A method for Camera Calibration

1. Introduction

2. Description of the Calibration Problem

2.1 Extrinsic Parameters

2.2 Intrinsic Parameters

2.3 Radial Distortion

3. Initial Approach

4. Final Method

1. Introduction

Camera Calibration is a necessary procedure in order to extract 3-D information from 2-D images. In the past few years, a number of methods have been proposed for solving the camera calibration problem. These methods can generally be divided into 2 groups:

· Photogrammetric calibration: The calibration is done in this case by observing an object whose 3-D geometry is known with good precision. The best known such method was used in TSAI, a project which automatically calibrates a camera, given two planes with a particular shape drawn on them (16 rectangles).

· Self-calibration: The calibration is done in this case by moving a camera in a static scene. The rigidity of the scene can be used to produce 2 constraints on the intrinsic and extrinsic parameters of the camera.

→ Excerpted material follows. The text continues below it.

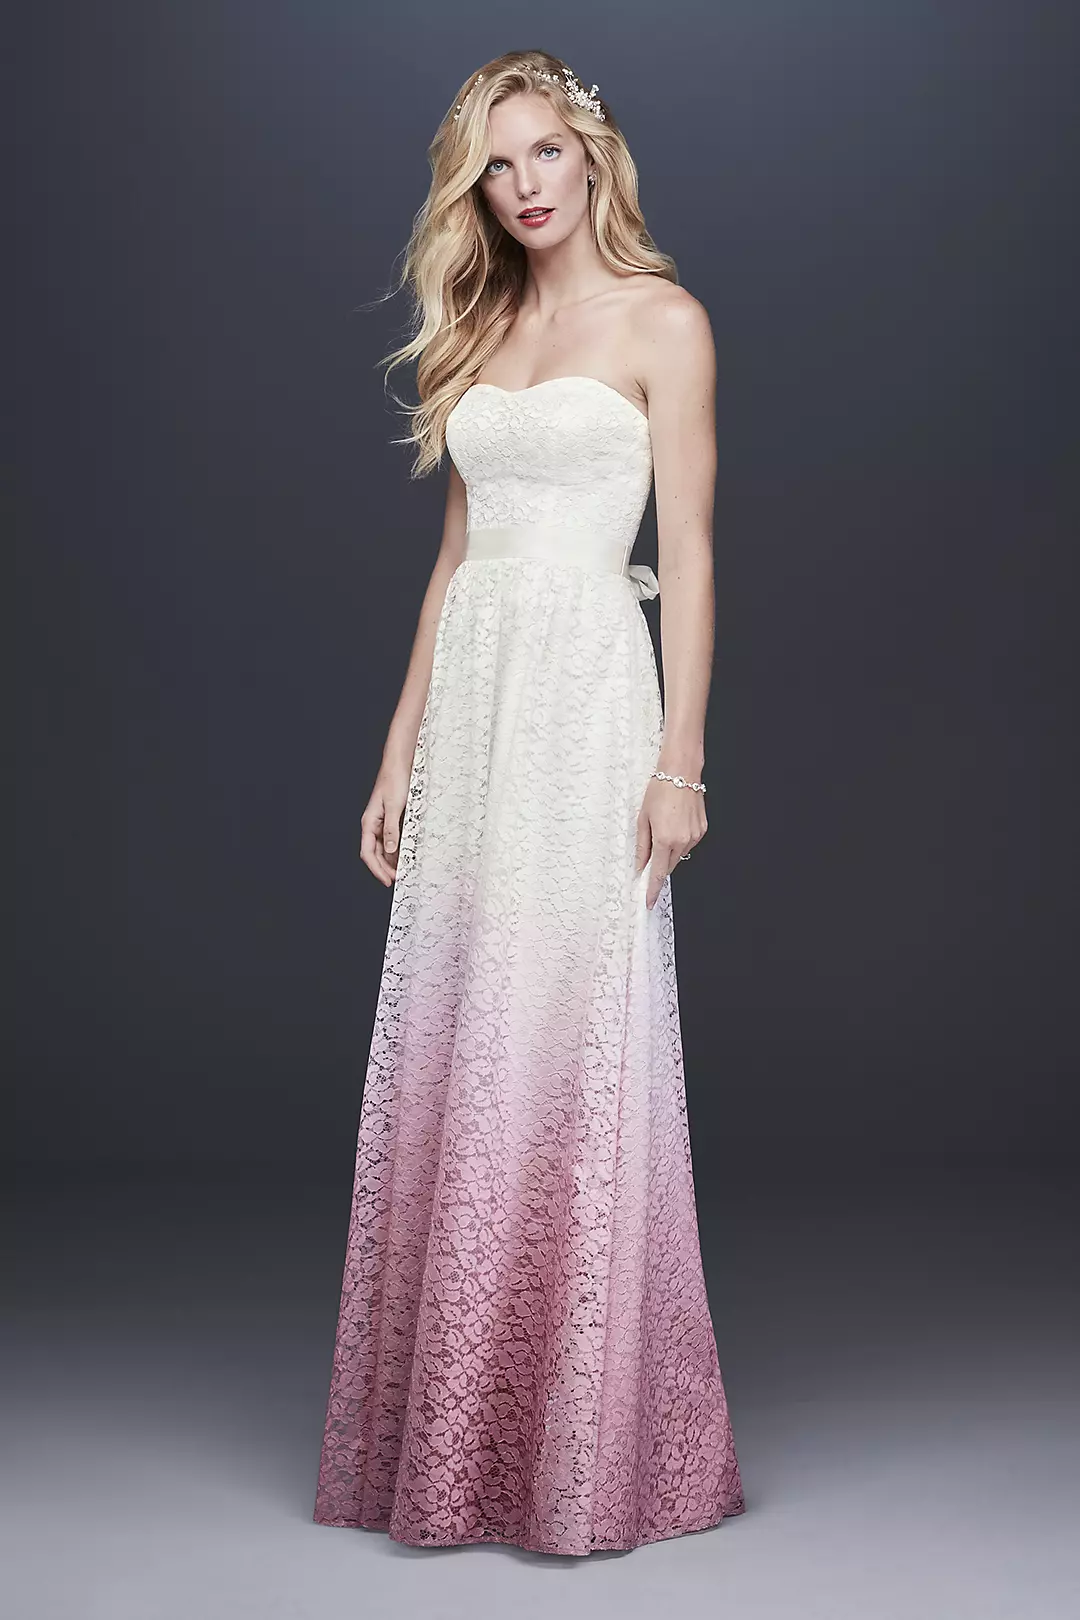 Ombre Lace A-line Wedding Dress Image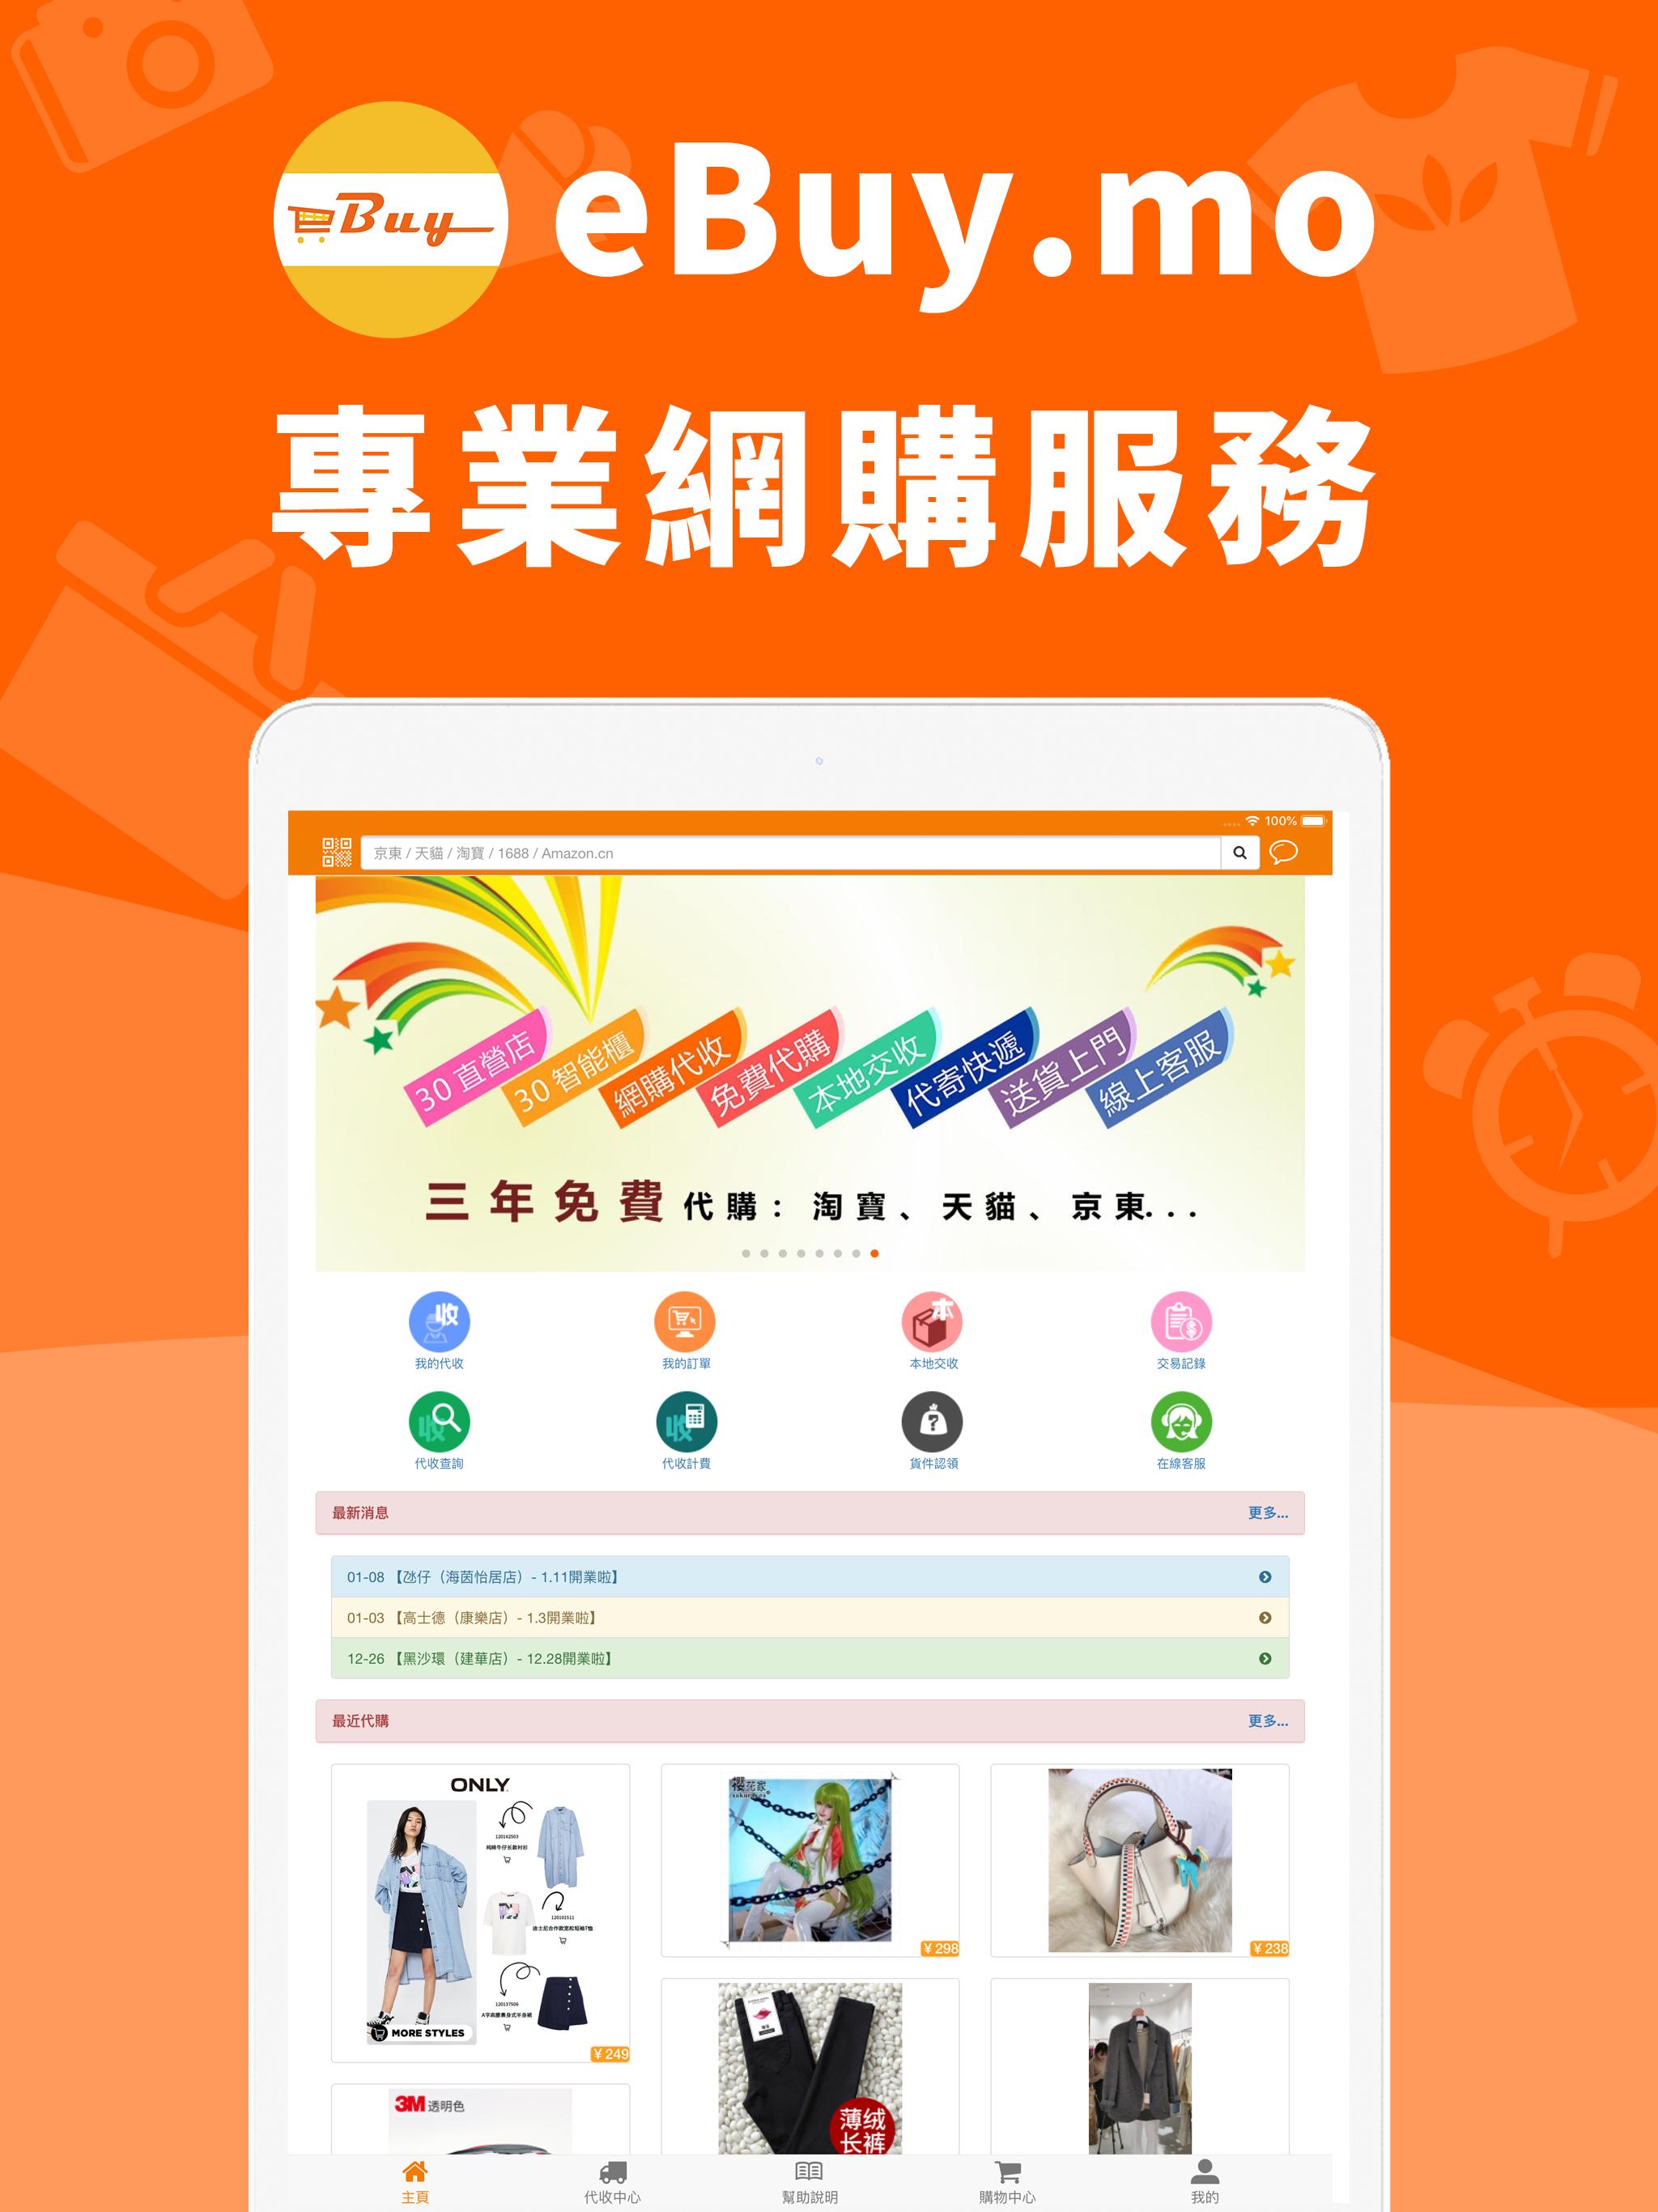 eBuy.mo 澳門易購網 2.1.4 Screenshot 15

Therefore, by obtaining pictures of the camera by different places, we can estimate the intrinsic and extrinsic parameters of the camera.

Here is how we will proceed. In section 2 we give a brief description of the calibration problem, and analyze the parameters that need to be estimated in the process of the camera calibration. In section 3 we present our initial approach, which even though it was not successful, it can be used in order to understand the difficulty of the problem. Section 4 describes the method we ultimately used, and how we managed to overcome the various problems.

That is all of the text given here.